Где это "там", предстояло решать мне самому.
В штабе получаю вскрытую посылку от Марии. Посылка, видно, давно там валяется. В посылке белье, полотенца, одеколон, плитка шоколада. Похоже, что было еще что-то, так как ящик не полон и все смято. Содержимое посылки меня сердит: зачем мне белье - в армии дают, зачем полотенца - мы не умываемся, зачем одеколон и шоколад? Что это за дикие представления о войне, как о какой-то даче. Шоколад тут же разламываю и оделяю стоящих поблизости. Прекрасное новое льняное, в голубую полоску, полотенце раздираю пополам и наматываю на ноги вместо вконец сопревших портянок.
Описывать поиски своей батареи - это все равно, что описывать хаотические броски и зигзаги молекулы в броуновском движении. Никто ничего не знает, но всем везде чудятся немецкие лазутчики и диверсанты, хотя весь вред идет от собственного беспорядка. Но так уж нас воспитали в тридцатые годы и приучили взваливать вину за все негативные явления на вредителей и диверсантов.

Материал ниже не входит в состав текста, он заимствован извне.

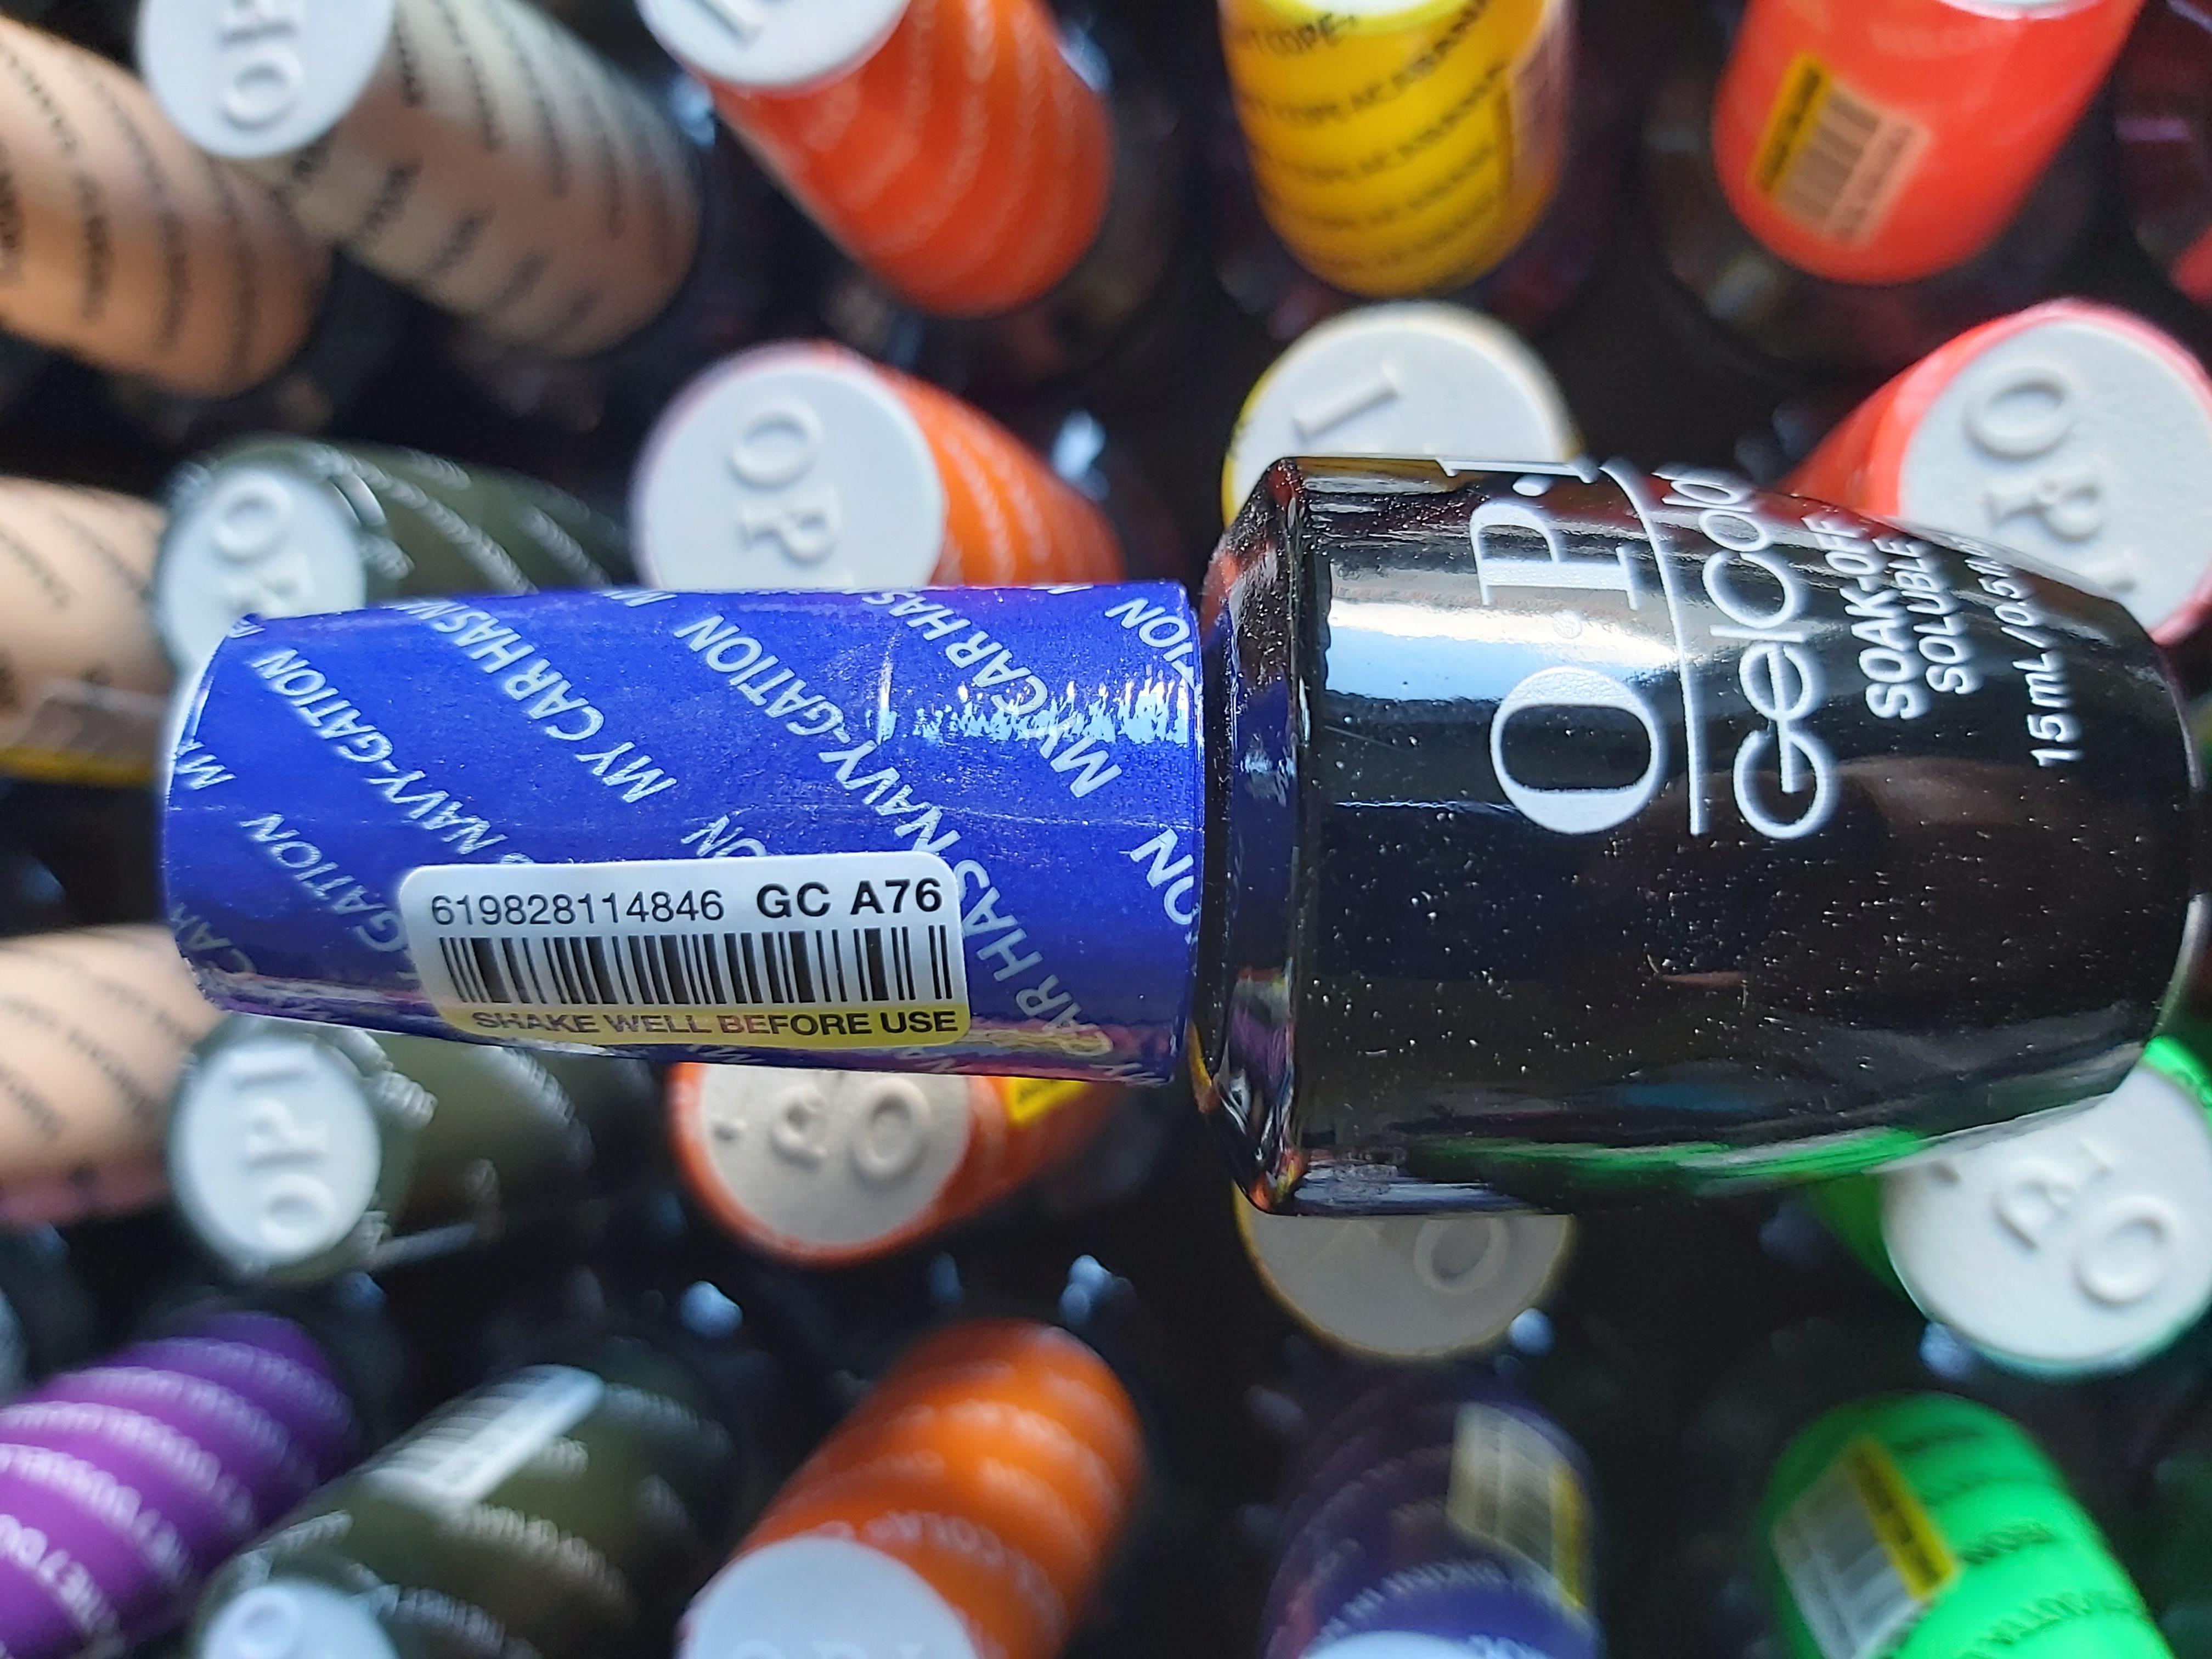 OPI Gel Color Soak-off Gel A76 My car has Navi-gation Blau Blue

Во время блужданий то и дело видим листки сероватой, очень плохой бумаги, нередко попадавшиеся и ранее. Это немецкие листовки, разбрасываемые с самолетов. Хотя брать их строжайше запрещено, солдаты тайком их подбирают для сворачивания цигарок, так как никакой другой бумаги у них нет. Разумеется, при этом их читают. Содержание листовок, наряду с информацией о положении на фронтах, представляет собой грубые и, на мой взгляд, неумные, но очень хлестко поданые призывы и лозунги. Часто они зарифмованы или даны как частушки. Это как бы орет и ругается подвыпивший мужик, у которого что-то было на уме, а теперь вылезло на язык; как я замечал, сначала по очень слабым признакам, а потом все яснее и яснее, эти призывы находят своего адресата и доходят до сердца. Видно, их составитель хорошо понимал душу русского мужика и умел с ним говорить как свой со своим.
Вообще убедить человека, особенно русского, что-нибудь не делать, не исполнять, не слушаться - не трудно. В этом, кстати сказать, основа основ всех революций, независимо даже, от кого этот призыв исходит. А уж если он напечатан на бумаге, то его сила по меньшей мере удваивается. Таков уж культ печатного слова в психологии современника. У многих эти призывы оставляли след в душе. И там, где прямое неподчинение было невозможно, люди начинали действовать как бы в полсилы. Были еще листовки с длинным мелким текстом, очень подробно и обстоятельно составленные каким-то, видимо, педантичным чиновником. Но те, как мне кажется, были менее результативны их не читали.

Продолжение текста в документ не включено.